## To do
Reproduce, exactly and only, the lines of the data that follows from the one containing "the adjustable rotator" down to the one containing "The Unexplained Disappearances", without pictures.

## Data in this exercise
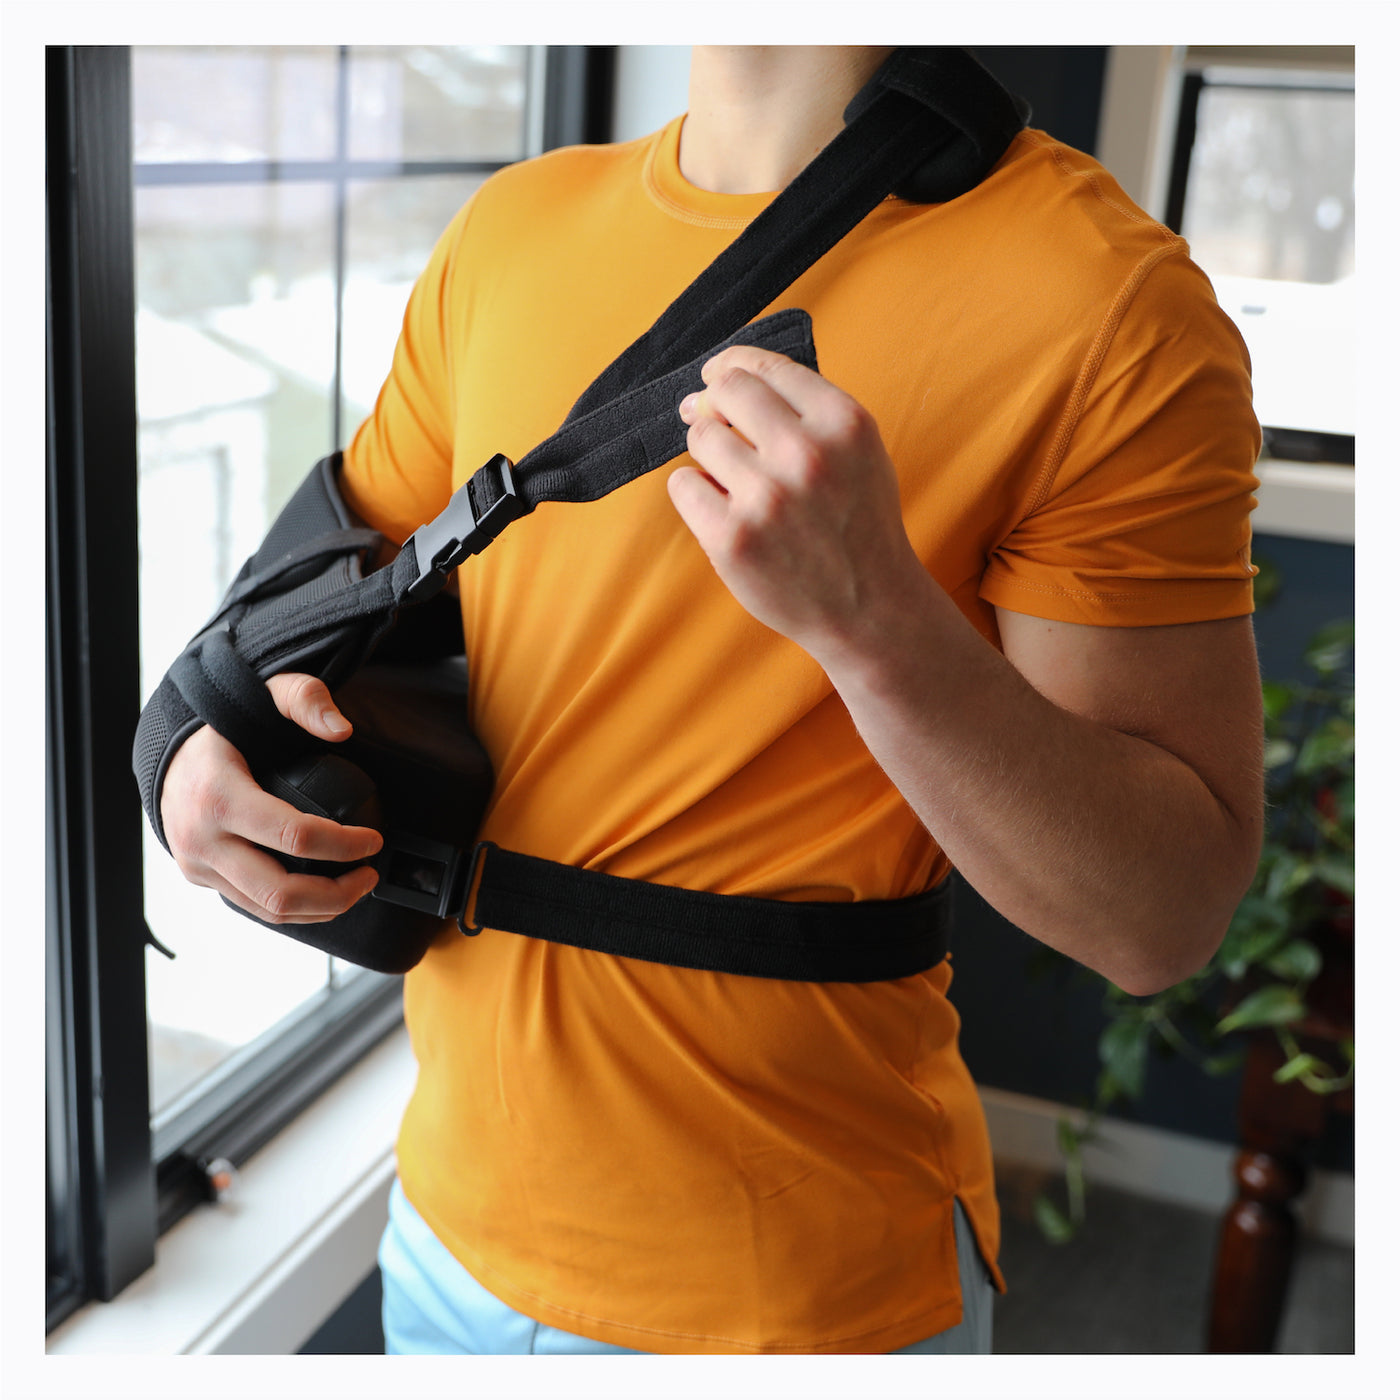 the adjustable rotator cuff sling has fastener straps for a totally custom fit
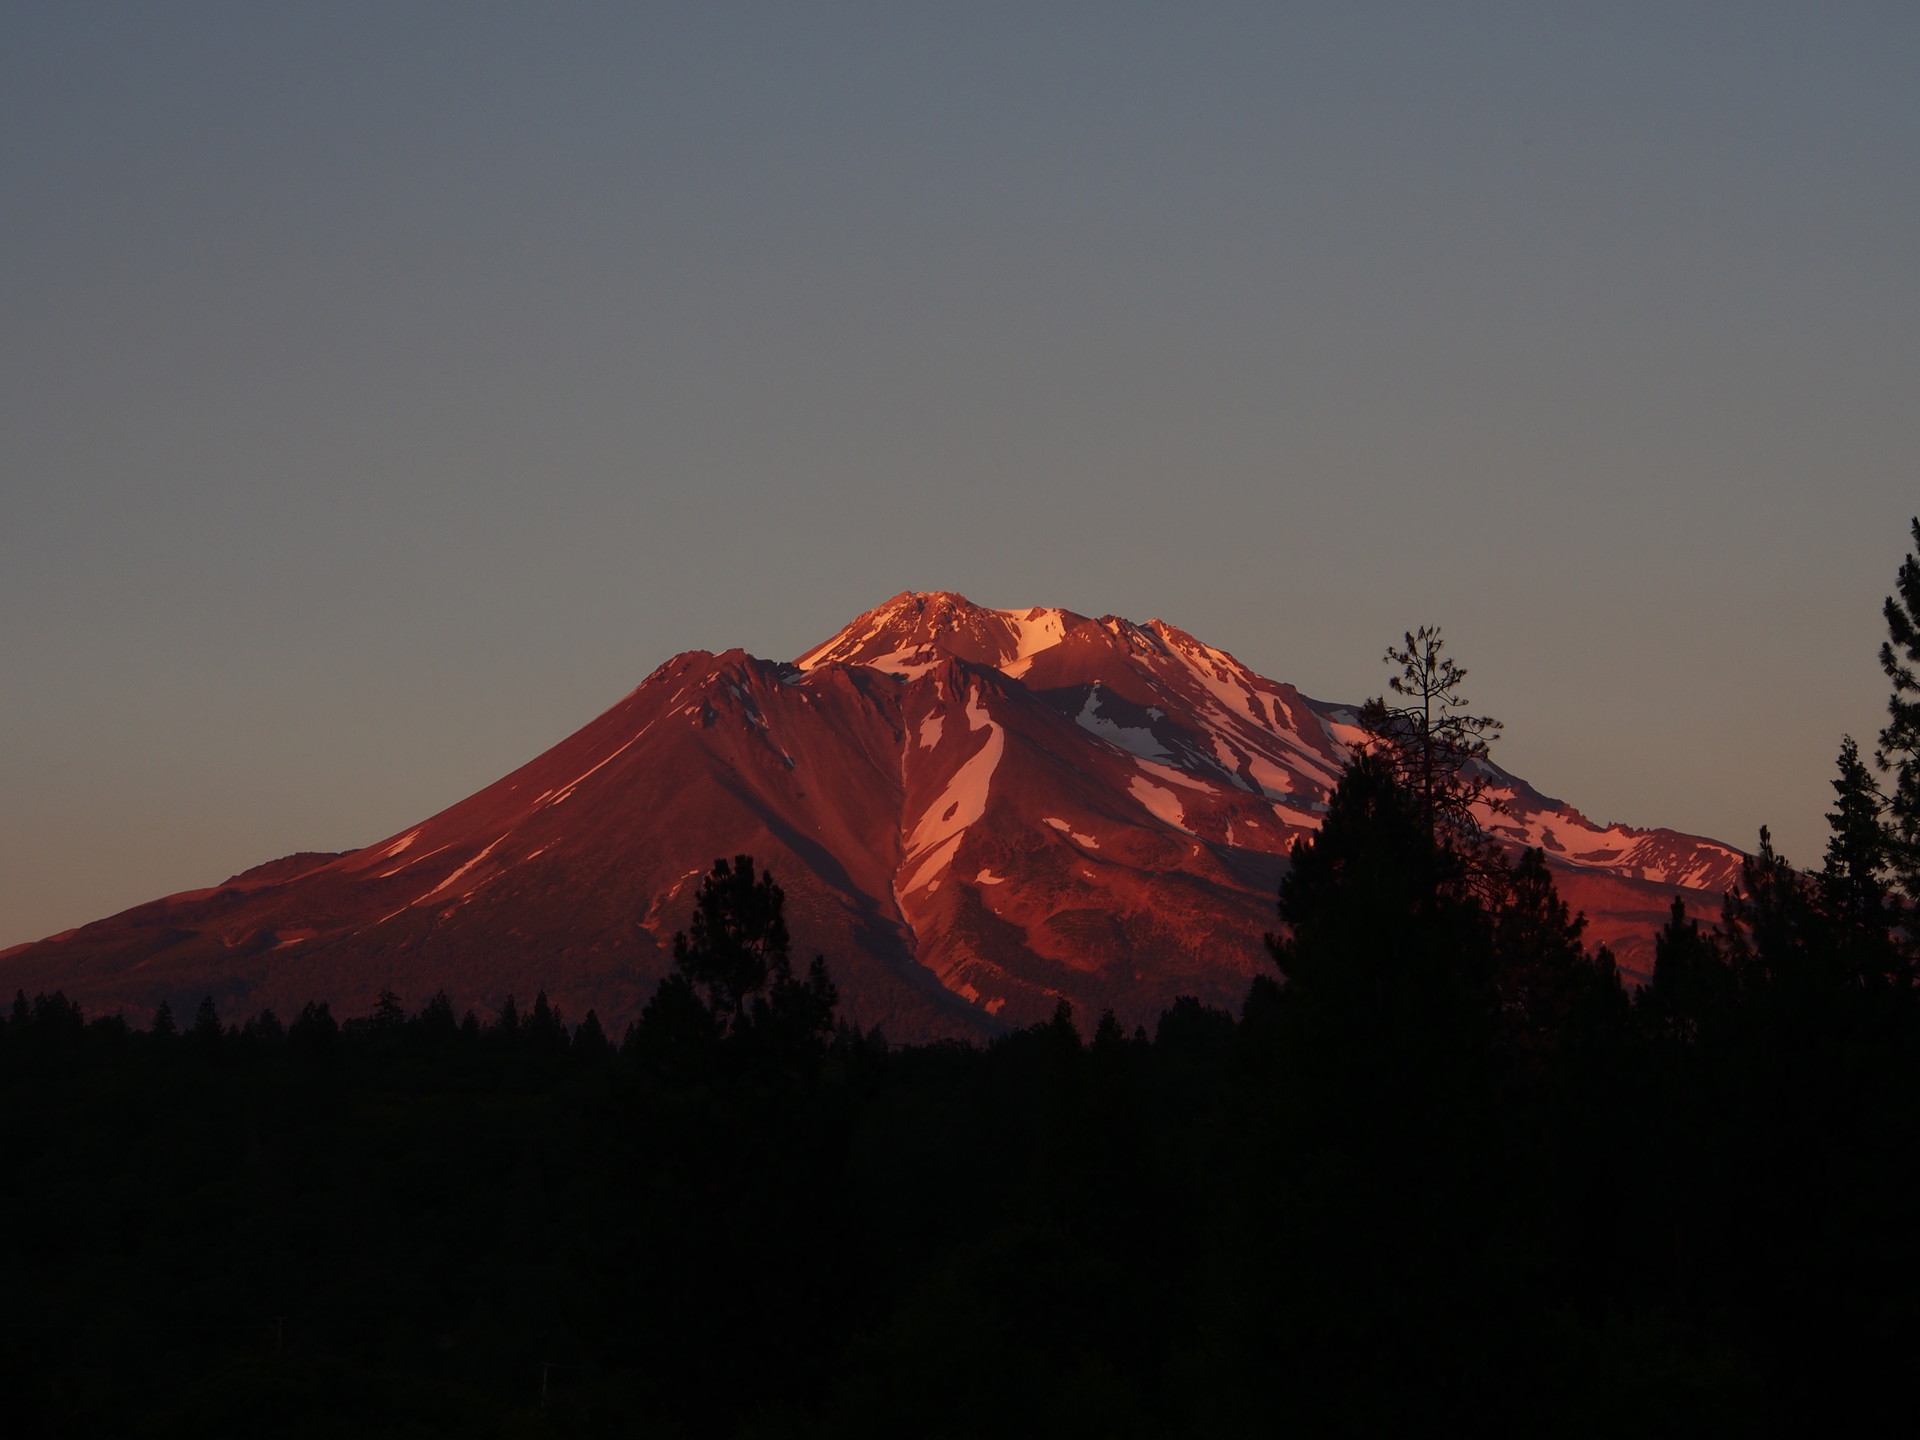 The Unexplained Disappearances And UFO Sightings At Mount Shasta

...

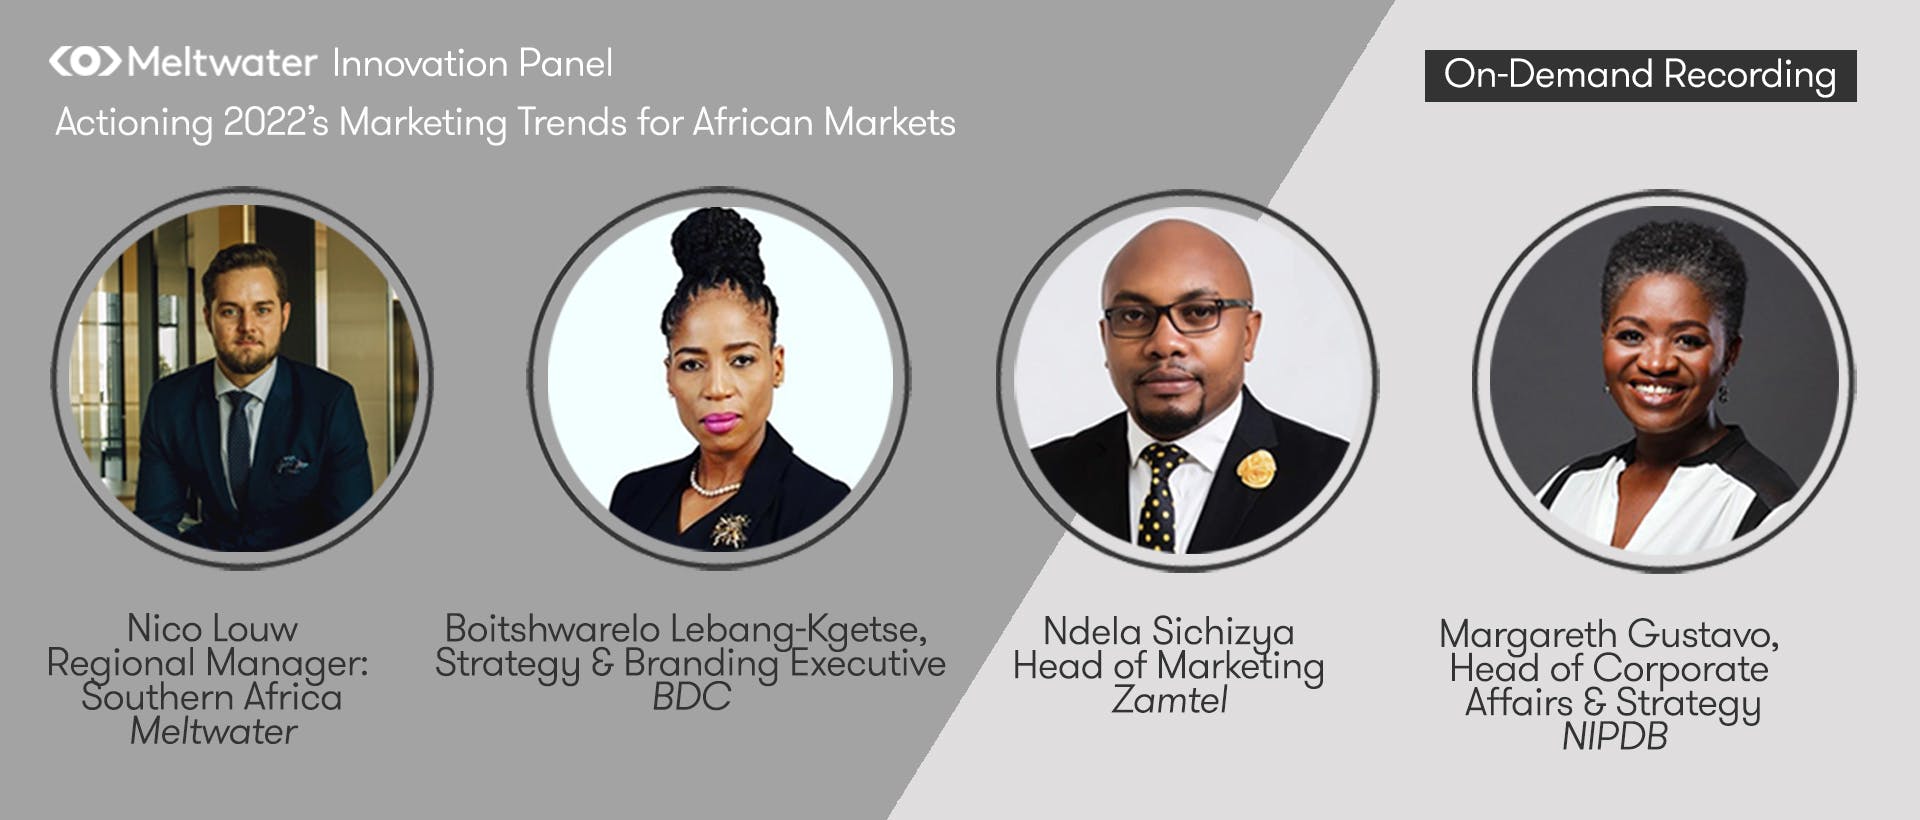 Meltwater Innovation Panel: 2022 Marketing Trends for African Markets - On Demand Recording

...

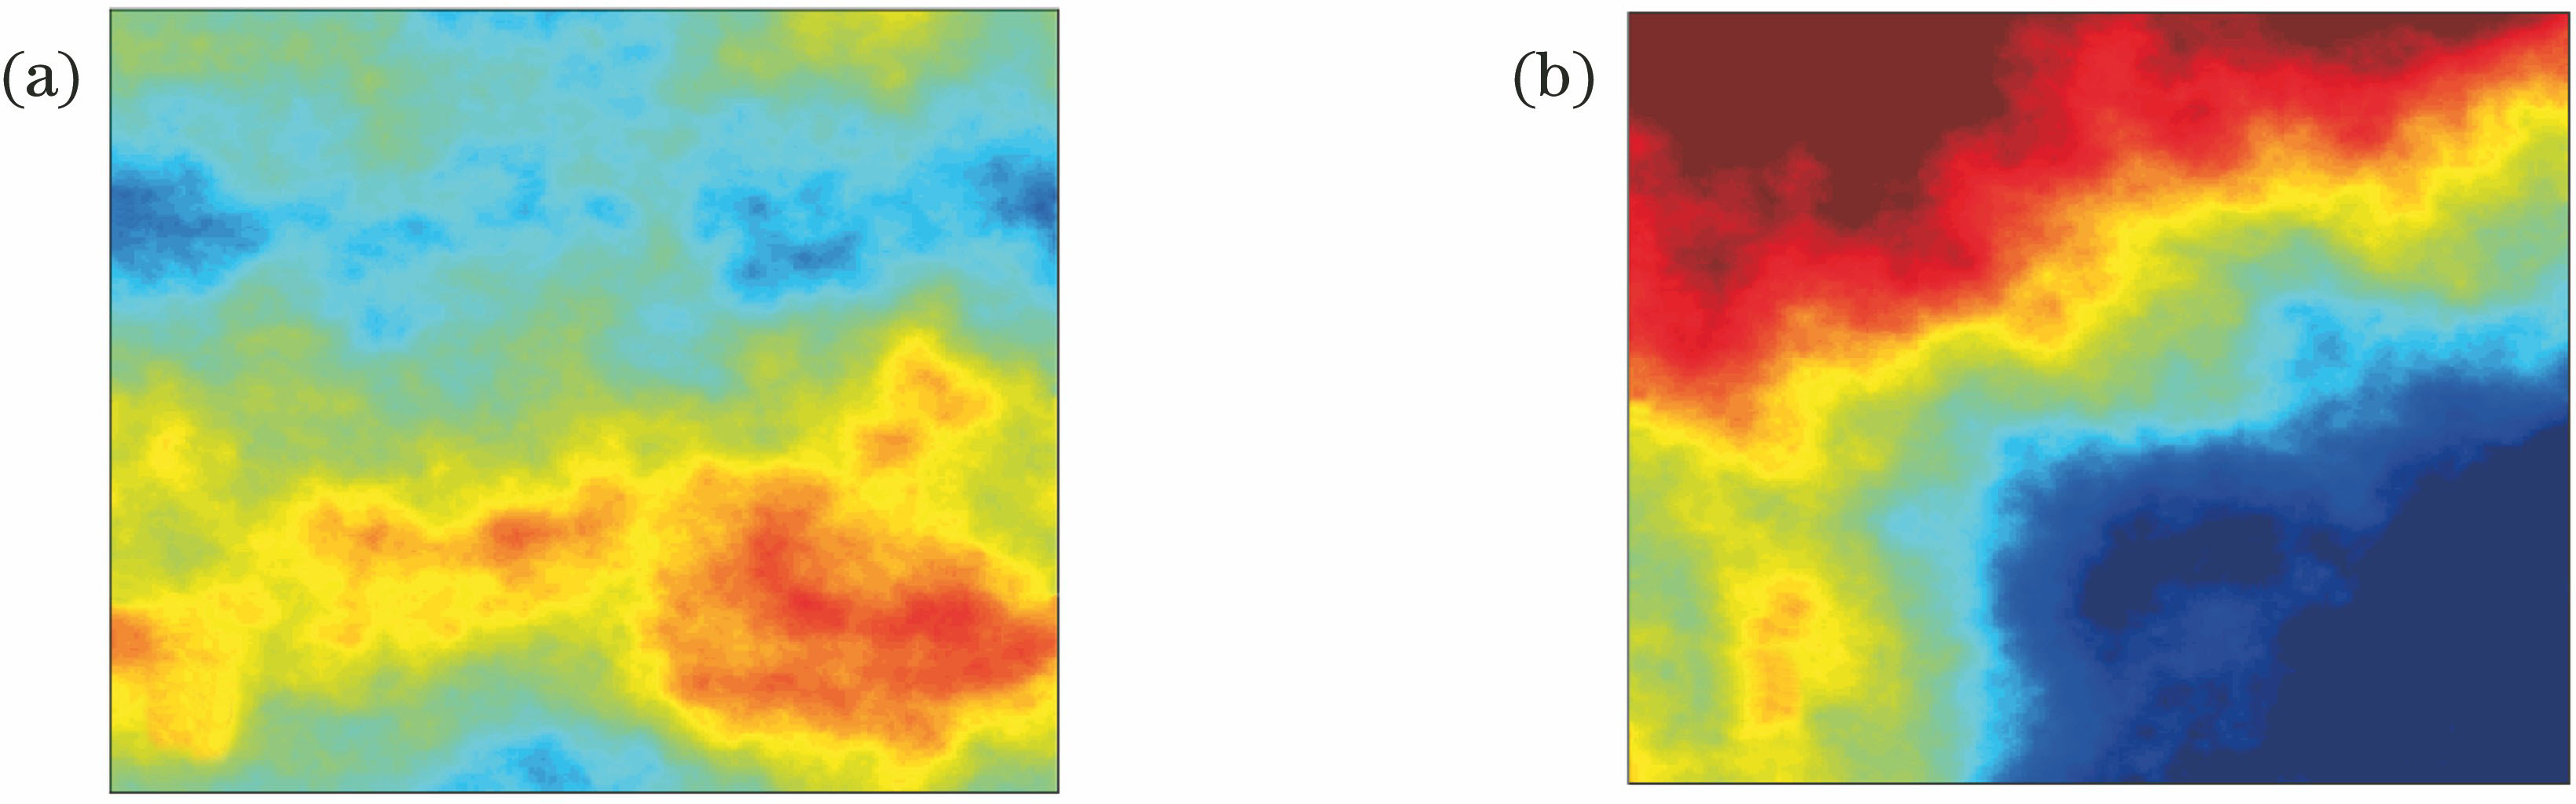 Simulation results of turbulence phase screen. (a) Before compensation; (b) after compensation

## Answer space
 the adjustable rotator cuff sling has fastener straps for a totally custom fit
 The Unexplained Disappearances And UFO Sightings At Mount Shasta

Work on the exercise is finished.